*INFORMATION PROVIDED:*
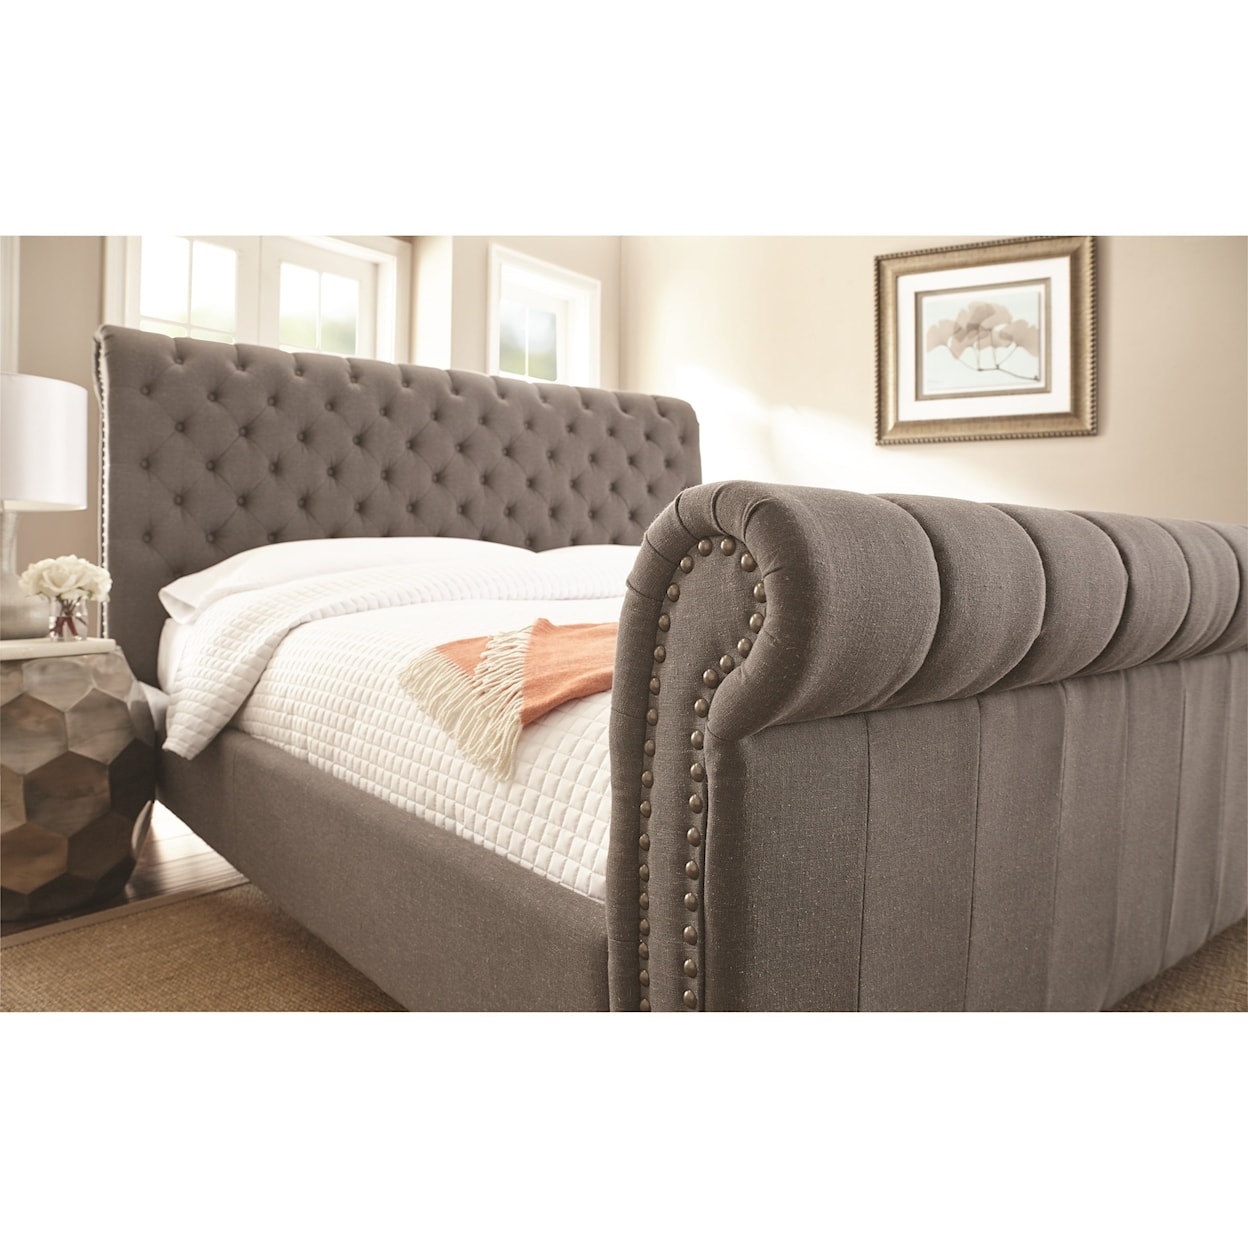 Belfort Essentials Swanson 529544770 Queen Upholstered Sleigh Bed with ...
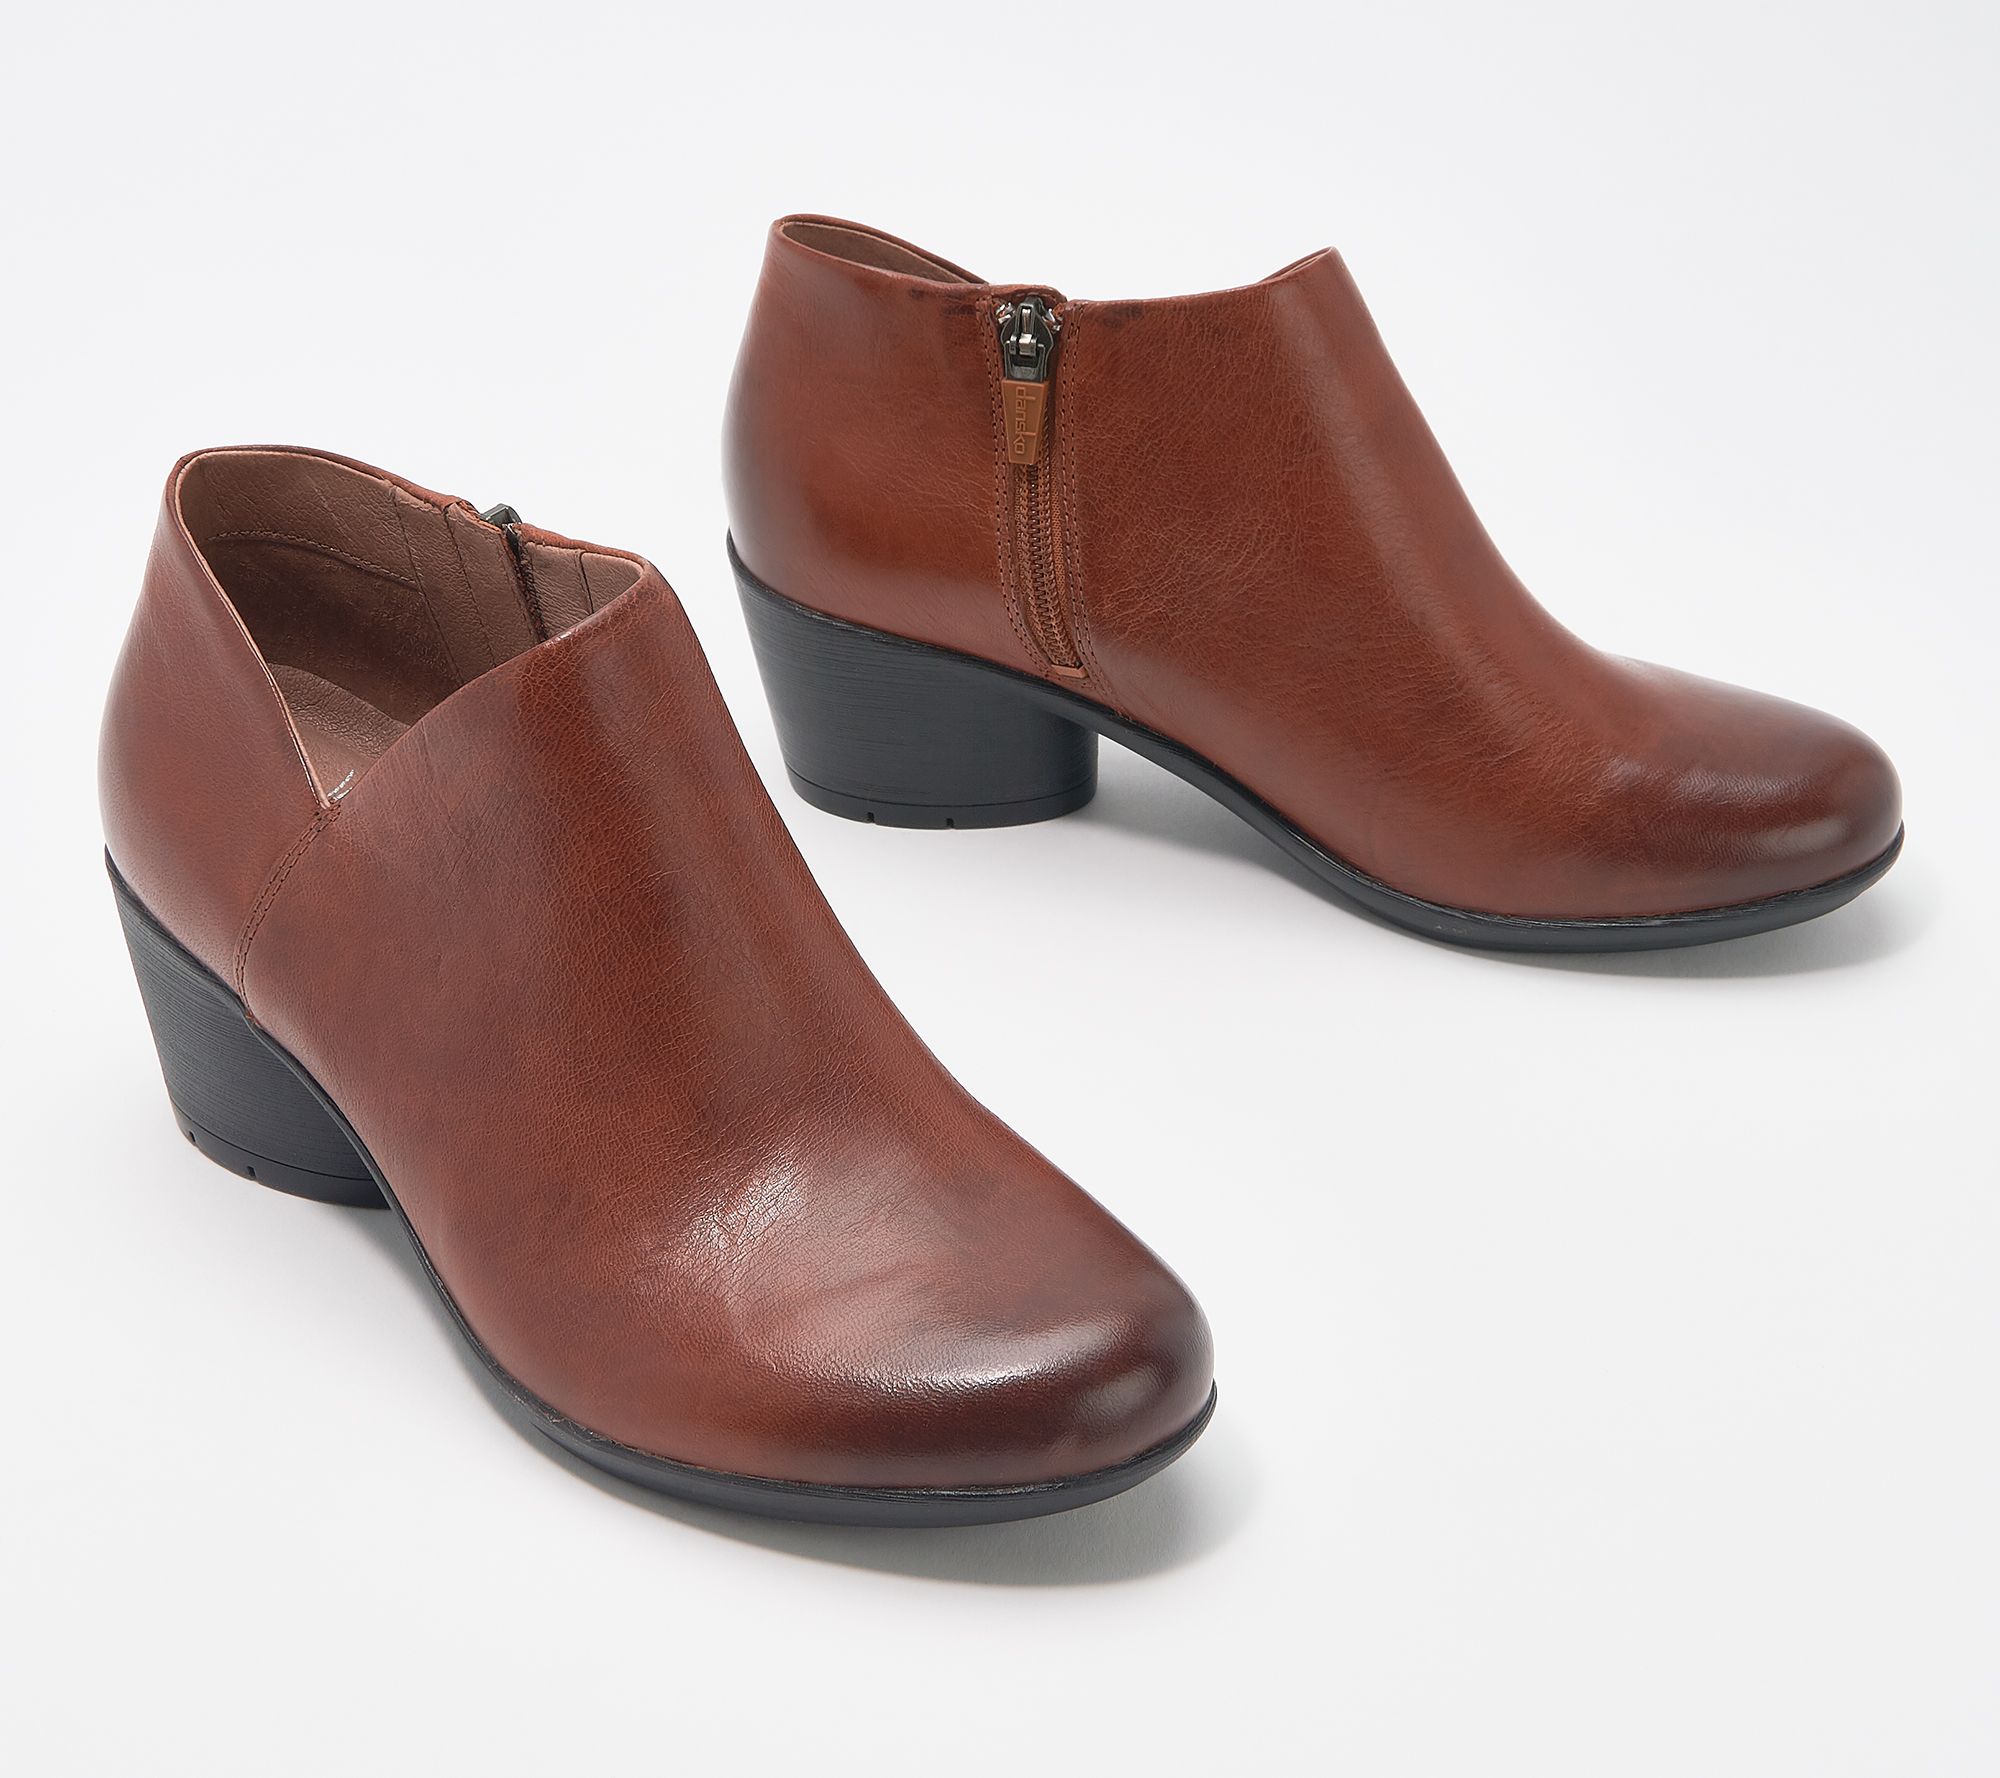 Dansko Burnished Leather Ankle Boots 
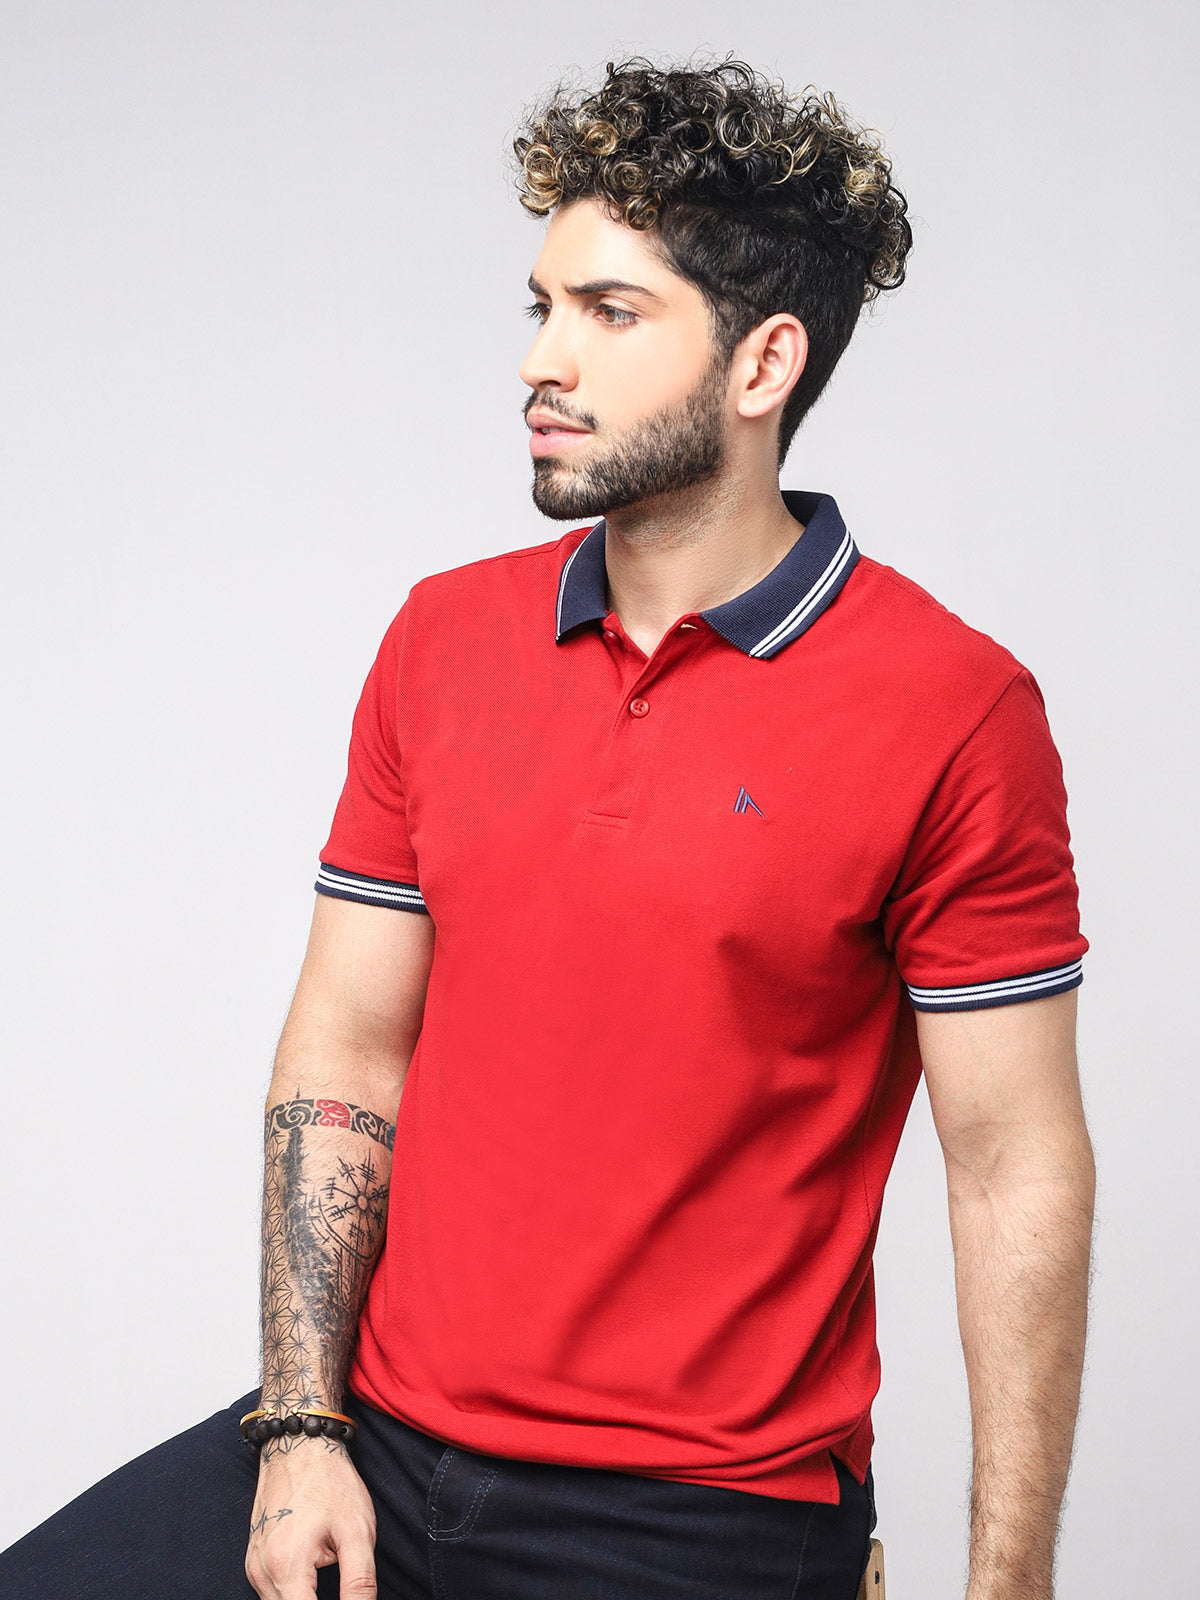 Men's Red Polo Shirt - FMTCP20-001

*WORK REQUIRED:*
Give back an exact copy of the material above, omitting the pictures.

*ANSWER TO THIS TASK:*
 Belfort Essentials Swanson 529544770 Queen Upholstered Sleigh Bed with ...
 Dansko Burnished Leather Ankle Boots 
 Men's Red Polo Shirt - FMTCP20-001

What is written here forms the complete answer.